Loot and Other Stories
- First edition
- Author: Nadine Gordimer
- Language: English
- Publisher: Jonathan Cape
- Publication date: 2003
- Publication place: South Africa
- Media type: Print (hardback & paperback)

= Loot and Other Stories =

2003 short story collection by Nadine Gordimer

Loot and Other Stories is set of ten short stories by the South African writer Nadine Gordimer, published in 2003. The book deals with the theme of death and is dedicated to Gordimer's late husband, Reinhold Cassirer.

==Stories==
- "Loot" - A subtle allegory that explores how an earthquake leads to the creation of a tidal wave. The story was originally published in The New Yorker in 1999.
- "Mission Statement" (mini-novella) - a midlife romance unfolds between a British aid worker and a local Black bureaucrat.
- "Visiting George"
- "The Generation Gap" - a man abandons his wife of 42 years for a younger, less attractive violinist, leaving his adult children both bewildered and angry.
- "L,U,C,I,E." - A weary lawyer, traveling to Italy with her recently widowed father, contemplates the legacy of her ancestor, whom she never had the chance to meet.
- "Look-alikes"
- "The Diamond Mine" - a fleeing tale of a teenage girl's sexual awakening with an Afrikaans soldier on the brink of going to war.
- "Homage" - traces the inner thoughts of an unnamed, stateless assassin as he quietly stands at the gravesite of the revered political leader he was ordered to eliminate.
- "An Emissary"
- "Karma" (mini-novella) - A detached narrator experiences various distant lives, including that of a bourgeois insurance executive and the stillborn child of a Russian chambermaid.

==Critical reception==
Claire Messud praised the collection in a review published by The New York Times: "At times ironic, at others enraged, defiant or rueful, the work gathered here reflects the unflinching ferocity of its author's imagination."
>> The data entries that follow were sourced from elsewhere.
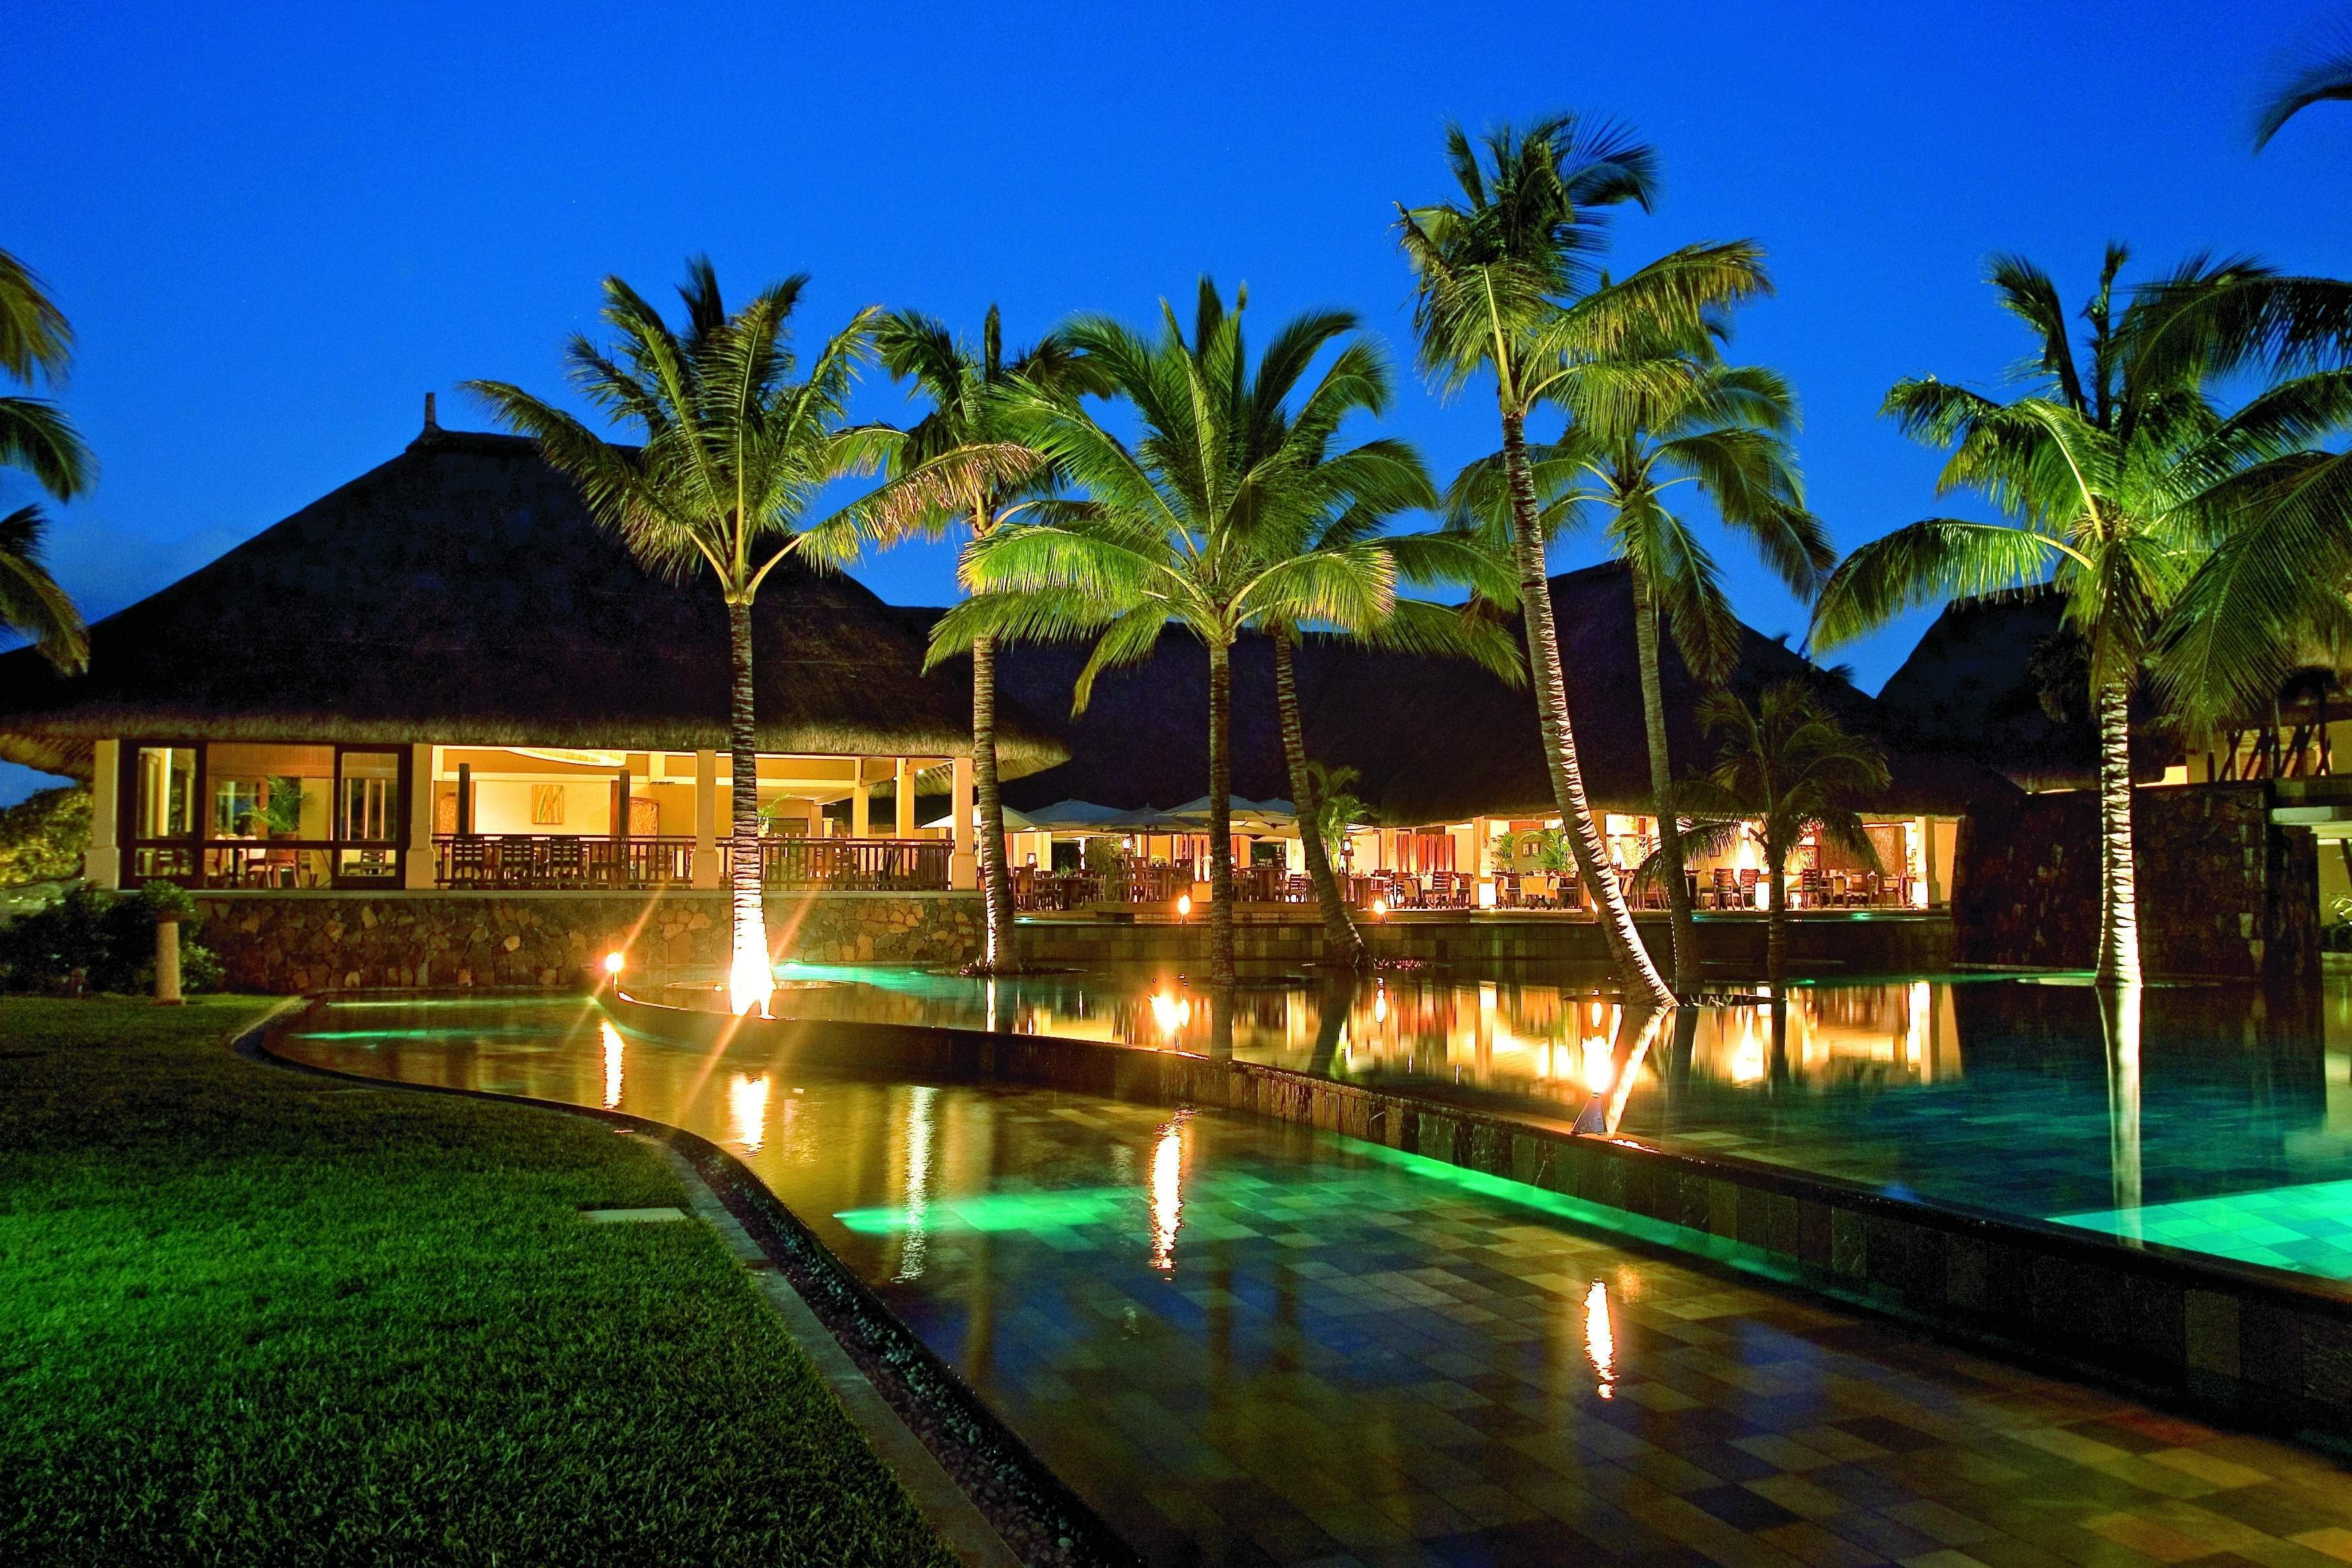 Mauricio - Hotel Constance Belle Mare Plage Resort Golf & Spa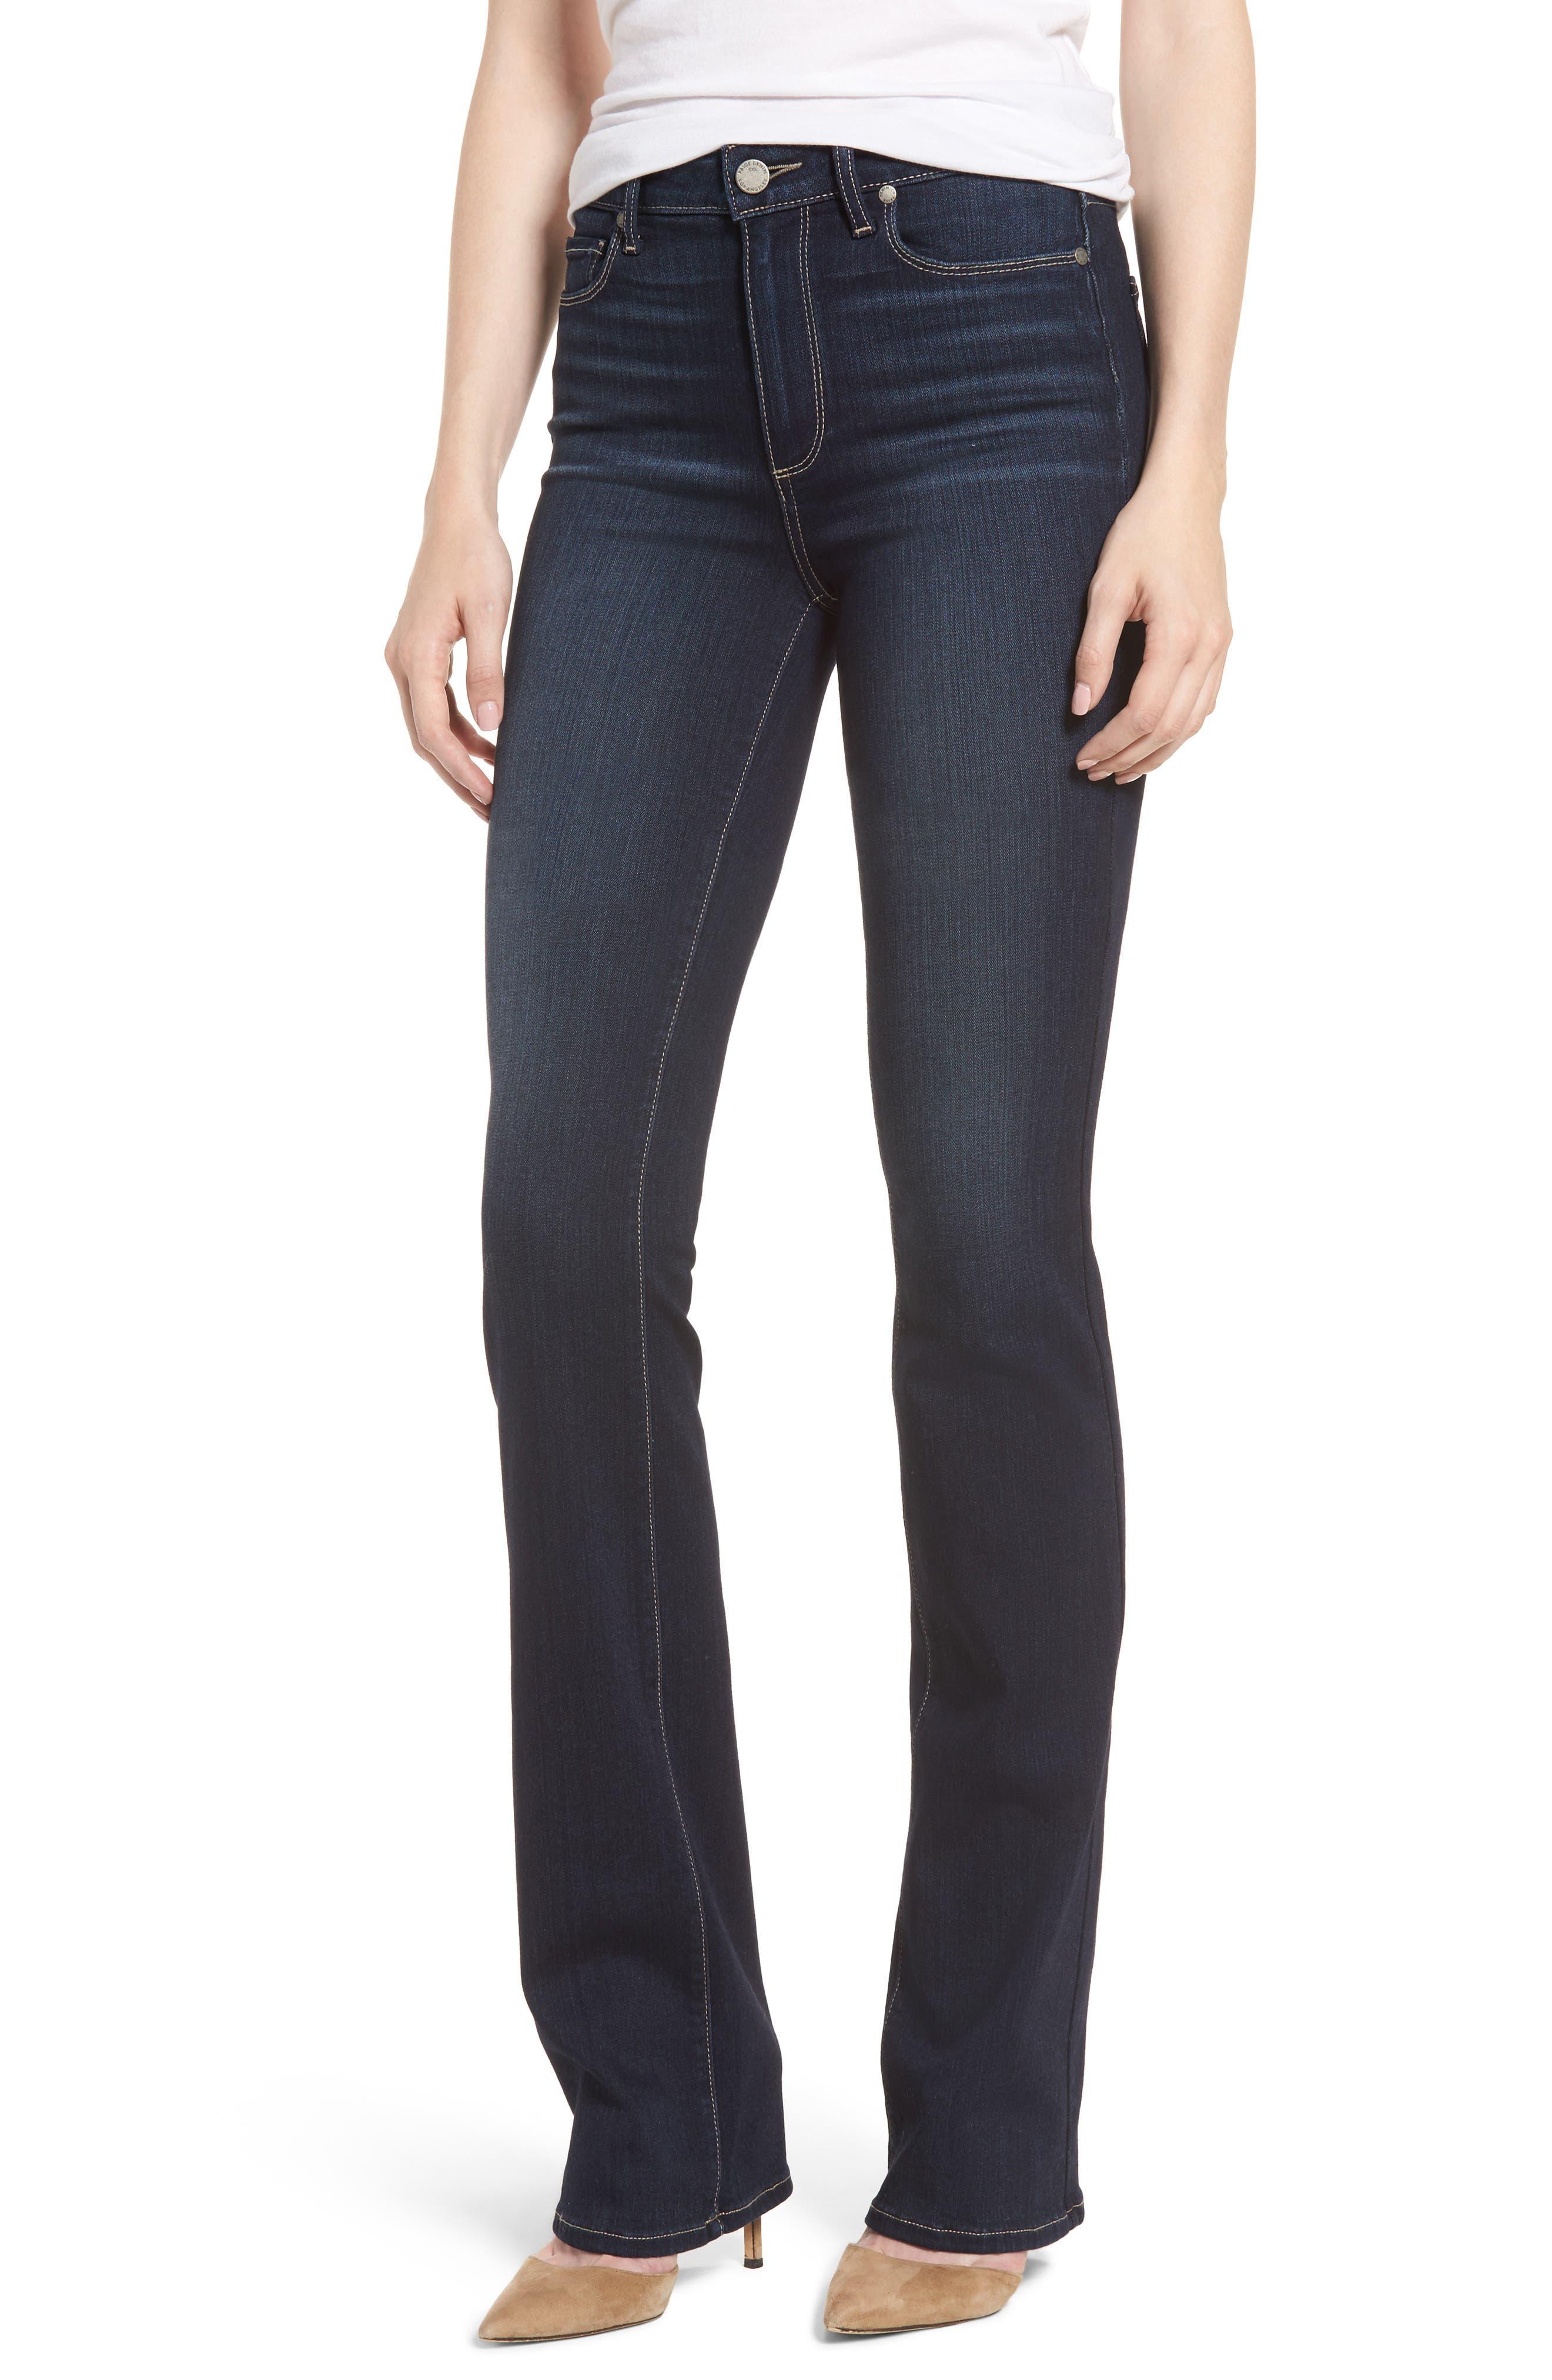 PAIGE Transcend - Manhattan High Waist Bootcut Jeans (Gardena)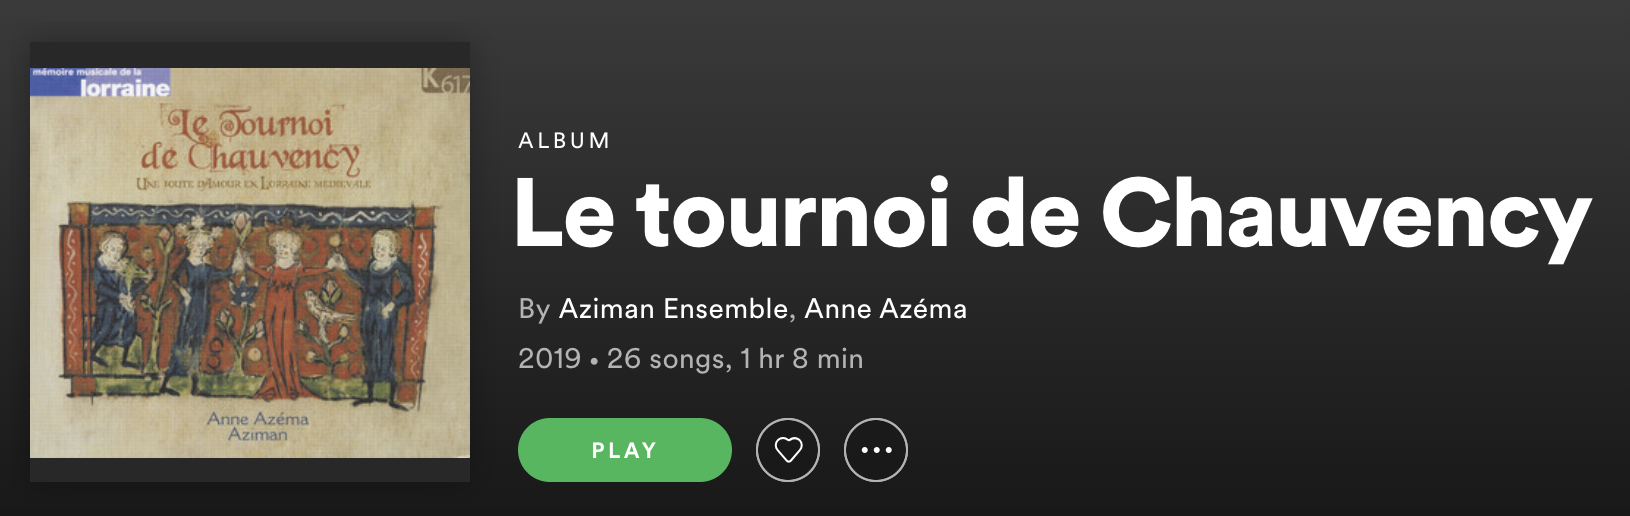 Screenshot from Spotify player for Le Tournoi de Chauvency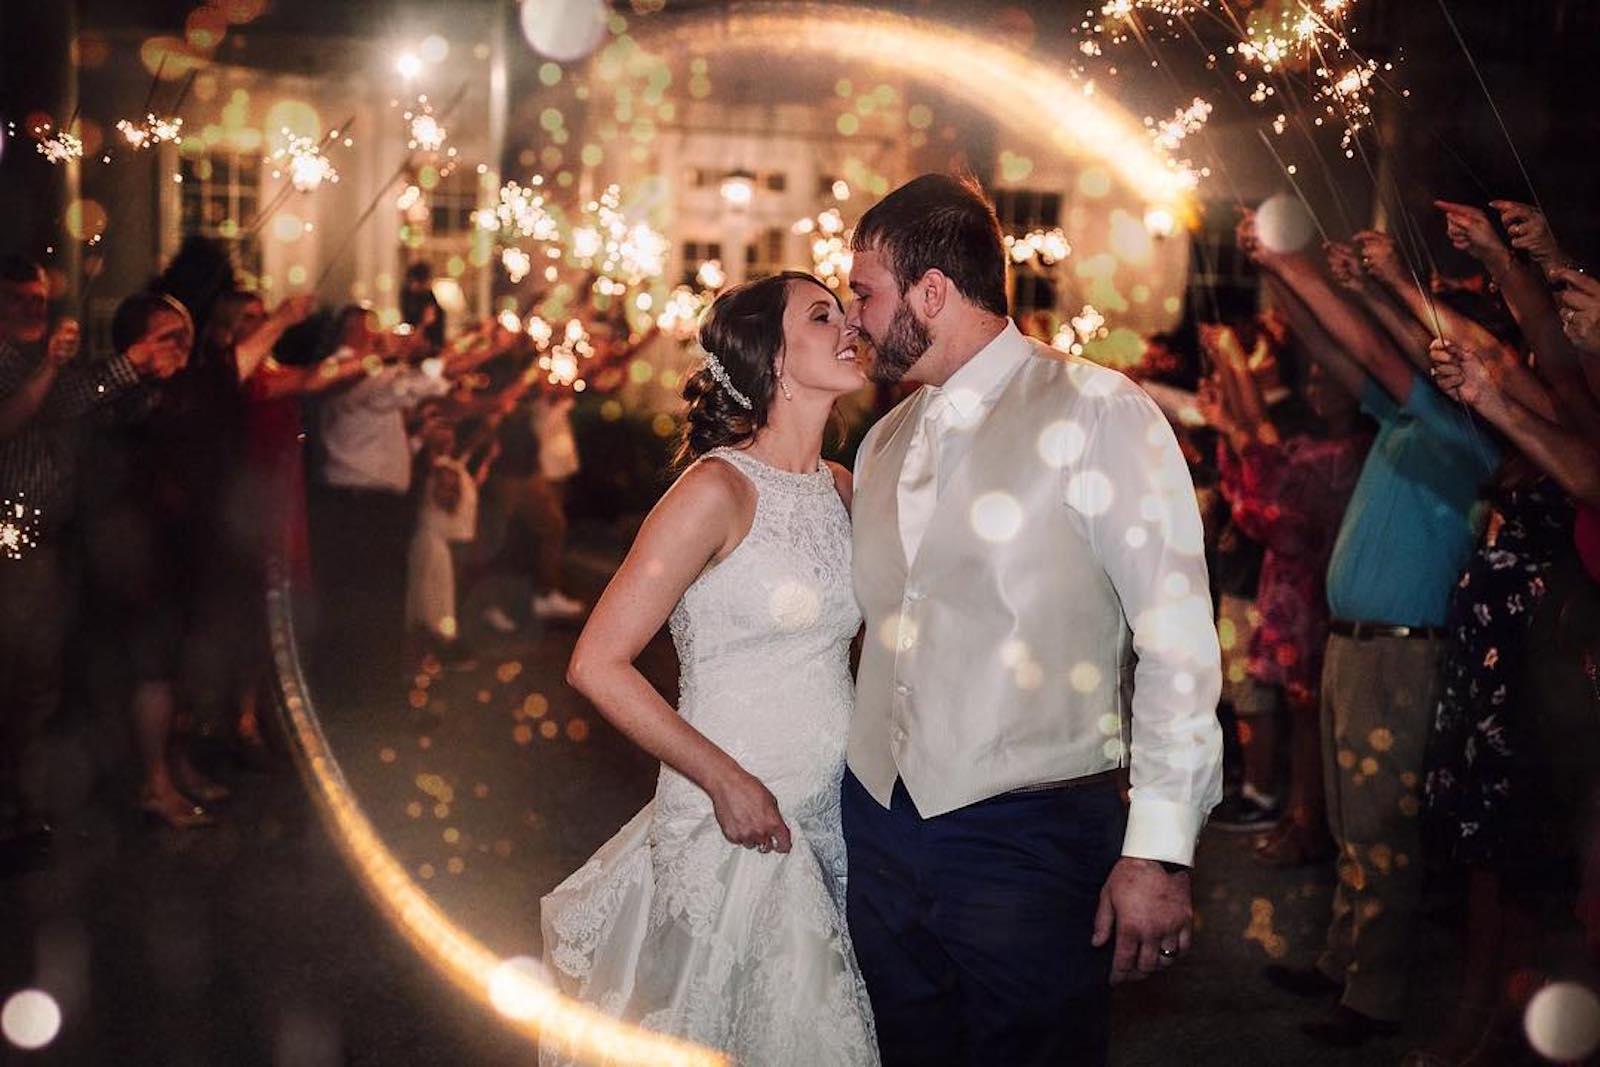 Wedding Exit Photo: Billie Shaye Style Nashville Wedding Discount

Justin Cartwright wrote a positive review of the collection for The Independent, praising Gordimer for her "close reading of the society in which she has lived." and her "sensuality." Cartwright concluded that "Gordimer has demonstrated that there is literary life after apartheid."

Toby Litt, writing in The Guardian, singled out "The Generation Gap" as "the most brilliant story here" and continued "Another wonderful story, "Look-Alikes", moves beyond allegory to become almost a parable."

In February 2025, the collection was recommended by Leah Greenblatt in The New York Times.